§ YOUR OBJECTIVE
The complete set of records below must be repeated precisely as given.

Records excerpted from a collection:

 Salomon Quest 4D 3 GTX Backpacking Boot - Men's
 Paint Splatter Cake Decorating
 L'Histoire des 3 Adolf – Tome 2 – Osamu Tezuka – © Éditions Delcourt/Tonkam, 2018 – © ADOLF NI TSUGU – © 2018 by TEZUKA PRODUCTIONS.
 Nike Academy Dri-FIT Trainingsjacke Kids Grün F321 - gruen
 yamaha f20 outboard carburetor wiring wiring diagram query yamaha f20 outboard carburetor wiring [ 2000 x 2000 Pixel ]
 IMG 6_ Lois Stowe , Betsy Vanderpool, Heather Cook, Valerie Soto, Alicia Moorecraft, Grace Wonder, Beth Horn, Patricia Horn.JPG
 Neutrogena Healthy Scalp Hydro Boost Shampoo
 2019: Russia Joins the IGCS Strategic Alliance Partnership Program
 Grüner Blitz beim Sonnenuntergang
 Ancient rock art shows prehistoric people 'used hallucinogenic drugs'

§ THE COMPLETED TASK
 Salomon Quest 4D 3 GTX Backpacking Boot - Men's
 Paint Splatter Cake Decorating
 L'Histoire des 3 Adolf – Tome 2 – Osamu Tezuka – © Éditions Delcourt/Tonkam, 2018 – © ADOLF NI TSUGU – © 2018 by TEZUKA PRODUCTIONS.
 Nike Academy Dri-FIT Trainingsjacke Kids Grün F321 - gruen
 yamaha f20 outboard carburetor wiring wiring diagram query yamaha f20 outboard carburetor wiring [ 2000 x 2000 Pixel ]
 IMG 6_ Lois Stowe , Betsy Vanderpool, Heather Cook, Valerie Soto, Alicia Moorecraft, Grace Wonder, Beth Horn, Patricia Horn.JPG
 Neutrogena Healthy Scalp Hydro Boost Shampoo
 2019: Russia Joins the IGCS Strategic Alliance Partnership Program
 Grüner Blitz beim Sonnenuntergang
 Ancient rock art shows prehistoric people 'used hallucinogenic drugs'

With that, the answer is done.